Mortgage Reconstruction
This is NOT a Loan Modification
This is NOT a Short Sale
This is NOT a Deed in Lieu
This is NOT a Forbearance
Our objective is to provide the best solution for you based on our analysis of your situation, the current lending environment and our experience in the real estate industry. We negotiate the Note Purchase, Short Refinance and Settlement Payoff.
Foreclosure Prevention Institute LLC is affiliated with Legacy Resource Group which is a privately held Illinois Corporation specializing in home loan mitigation services. The “Balance Reduction Program” is supported by a team of investors, negotiators and attorneys. A Five Billion dollar private fund has been allocated for the Balance Reduction Program.
Why Banks Want to Liquidate Notes
Many homeowners today are non-performing borrowers, meaning they have been late or are in foreclosure. “Strategic Defaults” are on the rise due to homes being “upside down” even with homeowners who are current. Banks are in the business of lending, not managing real estate.
The reserve requirement set by the Federal Reserve Board is a bank regulation that sets the minimum cash reserves each bank must hold.
Non-performing assets put a strain on the bank reserve requirements so they must remove these assets. By removing the assets, they are in a better lending position. We offer an all cash deal at close of escrow so the bank can lend immediately using the money they earn from the liquidation.
It costs less to liquidate then it does to foreclose, short sale or sell properties in bulk. We work directly with the banks’ asset and wealth management departments… not their loss mitigation, loan servicing, customer service or collection departments.

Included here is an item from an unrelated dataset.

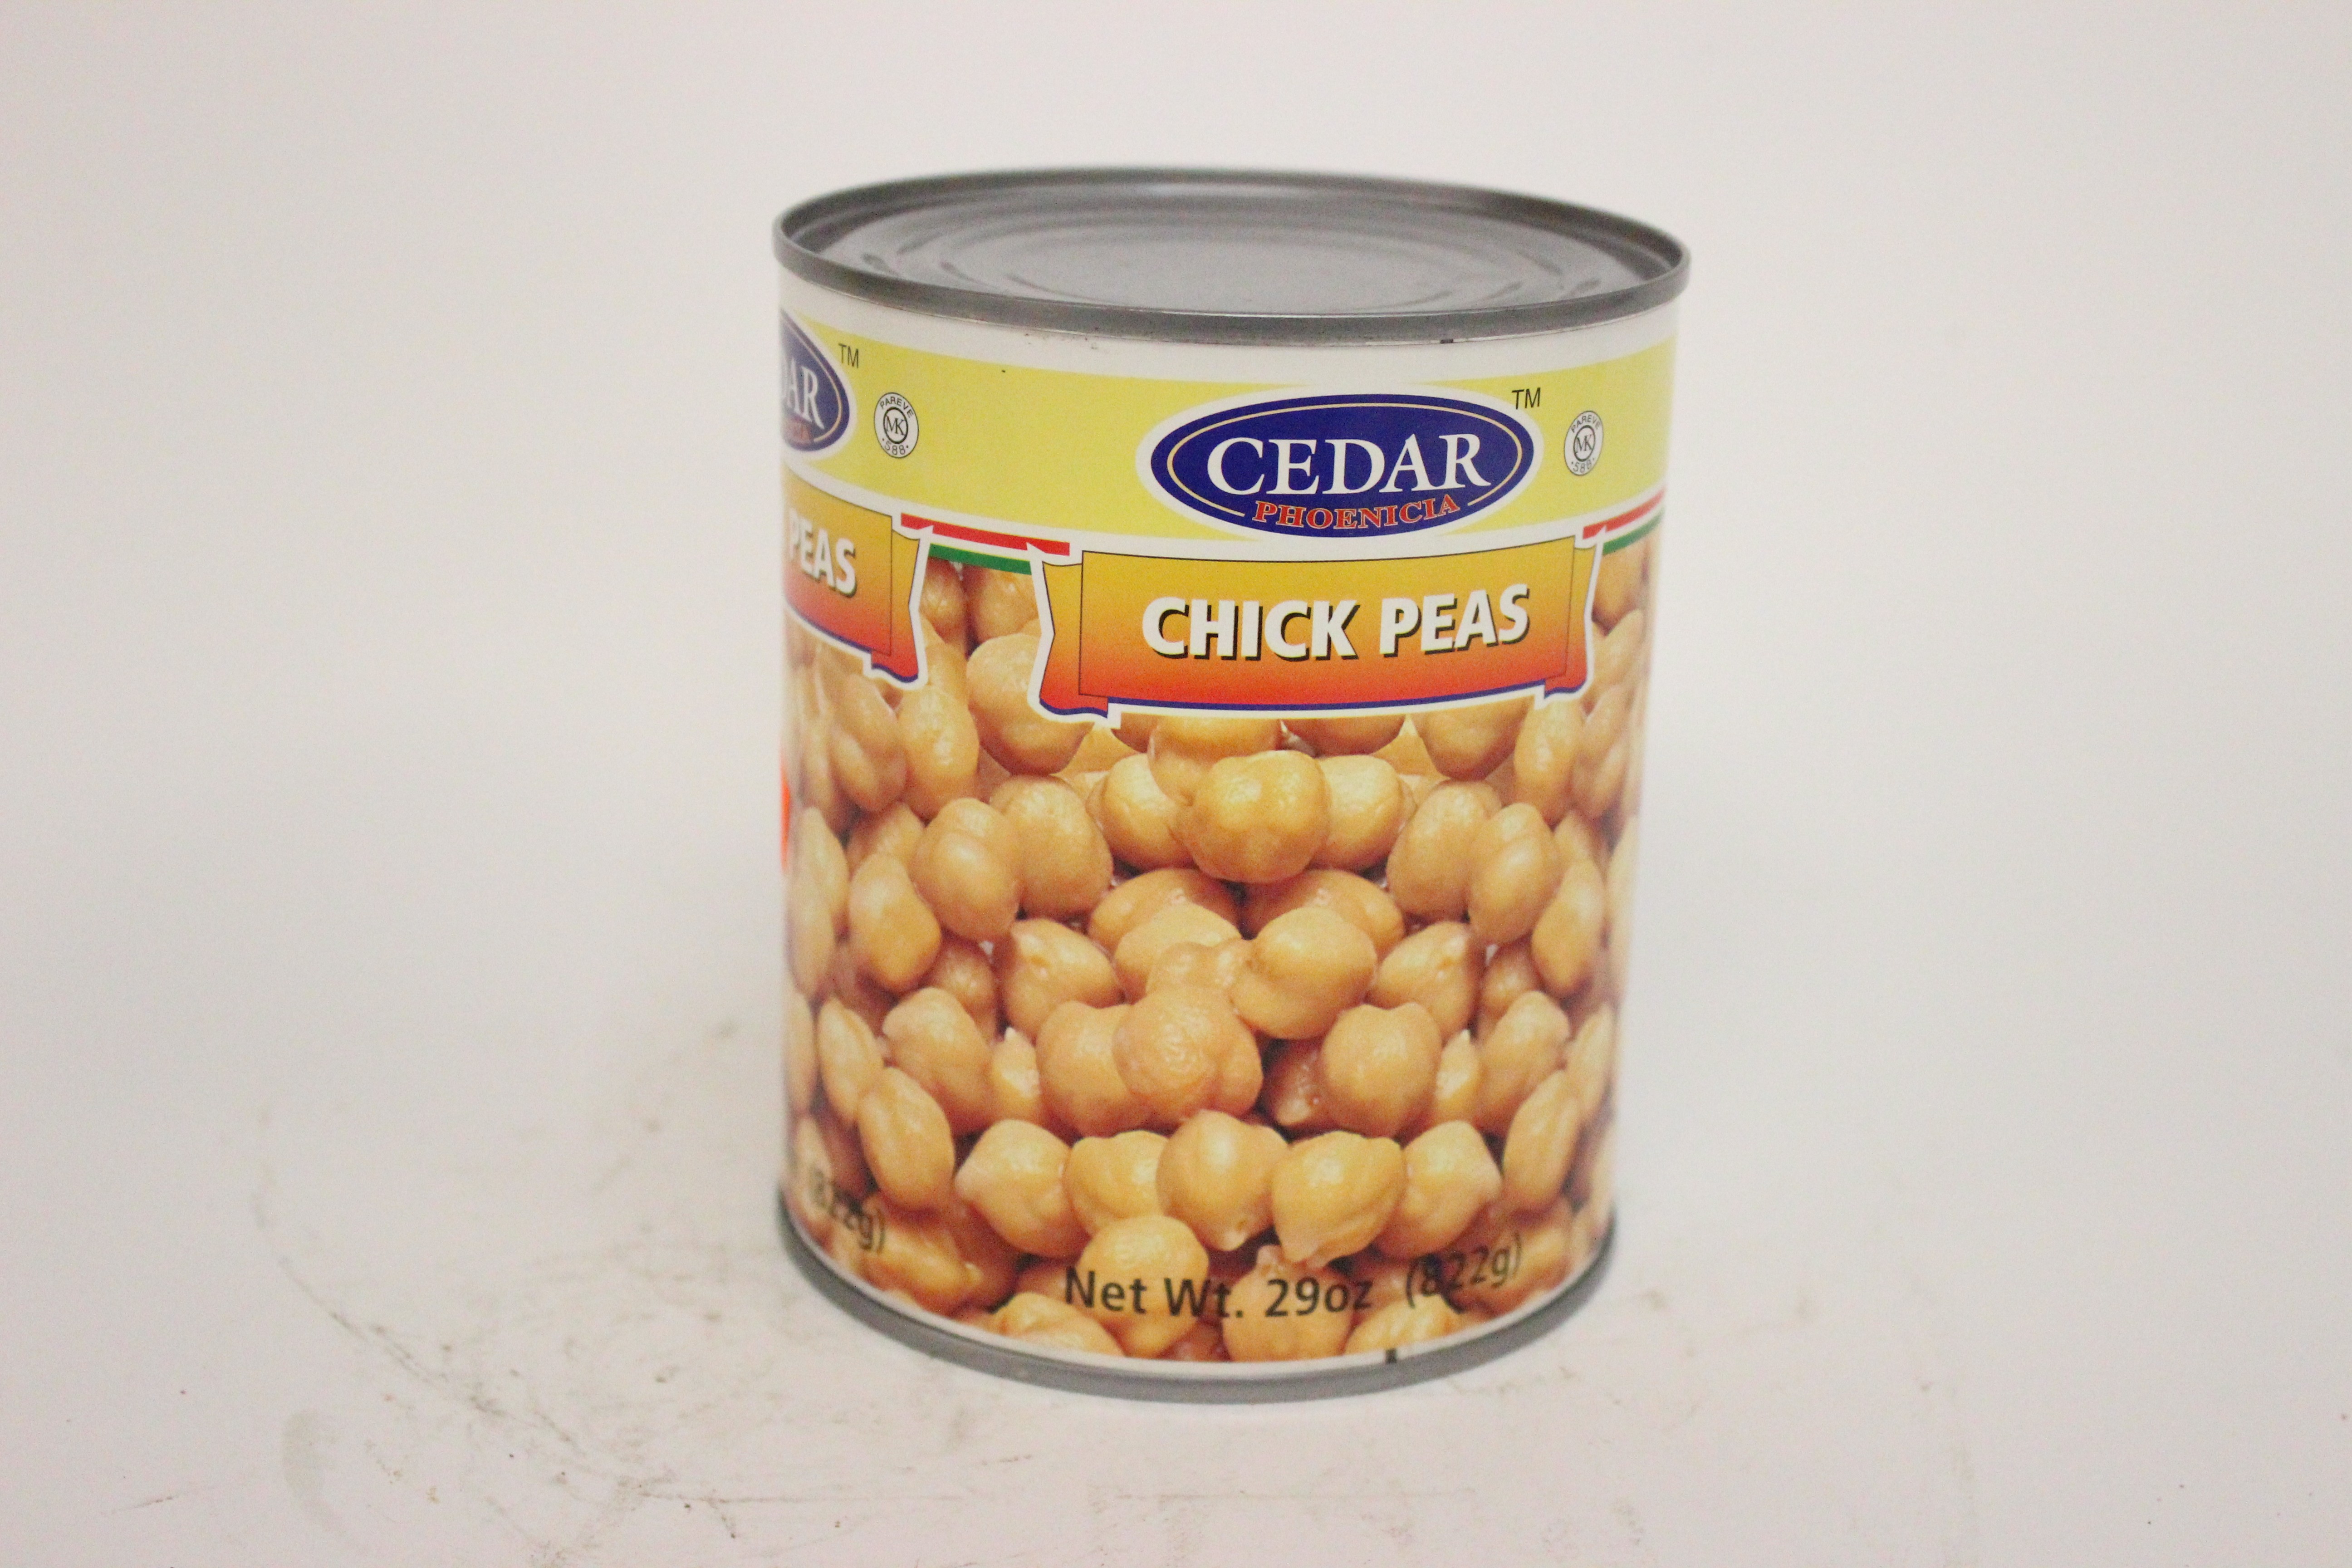 Cedar Chick Peas 29 oz

How Does the Note Purchase Work?
We group mortgage notes together by lender and negotiate a price to purchase them at a discount from the current market value. These groupings contain both “good” loans with performing notes as well as “bad” loans with non-performing notes. Once we have successfully negotiated to purchase these notes from the bank, the homeowner gets new terms based on 90-95% of the current market value of their home.
Example Note Purchase
The homeowner owes $150,000 on their home but it is only worth $100,000 (current market value).
We package the homeowner’s note along with notes of other homeowners from the same bank.
The investor pays off the homeowner’s note at a discount off the current market value, let’s say $75,000, and revises the terms of the note at 95% of today’s current market value or $95,000. The homeowner realizes a principal reduction of $55,000.
Qualification Requirements
Must owe at least 20% more than the home is worth.
Must be able to verify some sort of monthly income – bank statements are accepted.
No more than 50% debt to income ratio (the Obama loan mod is 31%).
ALL TYPES OF CREDIT WILL QUALIFY, including current and past bankruptcy.
Investment property is accepted.
If you want more information or have an interest in this program call Dave Brigle 800-826-1929.
What is the Downside?
Do you have copy writer for so good articles? If so please give me contacts, because this really rocks!
Do you have copy writer for so good articles? If so please give me contacts, because this really rocks!
No, we are the writers. Thanks for the compliment.